A cool system but I'd suggest this is NLP to the extent SQL or a similar (or somewhat better) query language is NLP. You've made queries in your query language easy but it's more like interactive programming than free-form NLP.

Not that it's a bad application, it's nice, it's just if one extended this model, one would wind-up with a query language, not something new.

Thanks for the praise!

Totally agree; it's not true NLP.

Moreover, true NLP is currently not achievable. We would need an algorithm that passes the Turing test to infer the meaning of a free-form statement.

Like my parent post said, every current NLP system uses some hard-coded assumptions. They just differ in the amount of assumptions.

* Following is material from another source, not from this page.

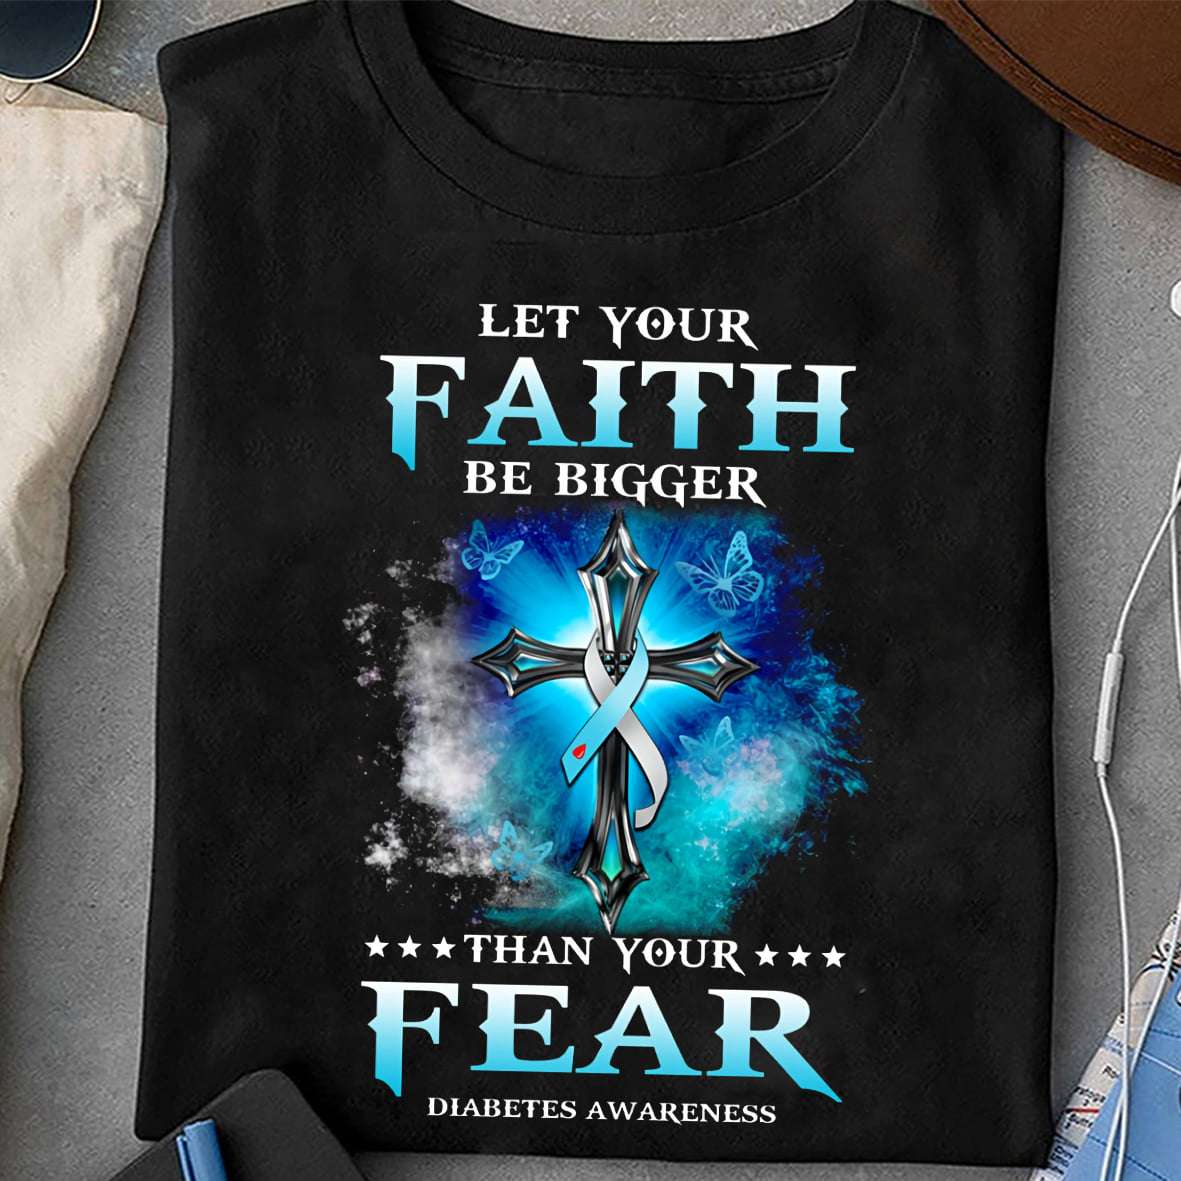 Let your faith be bigger than your fear - Diabetes awareness, Jesus's cross ribbon

this is pretty cool ! could you talk about the parser-generator and ER relationships ? I was looking to build something similar for a webapp and was stuck at how to generate the autocompletes.
The autocomplete is provided by my parser-combinator library which is designed in a very generic way. It can be used for any application, not just natural language queries.

About the parser generator: the ER description provides natural language phrases for every entity and relationship. From this the parser builder is able to create parser combinators. There are some hard-coded assumptions and parsers for common data types such as dates and numerical figures.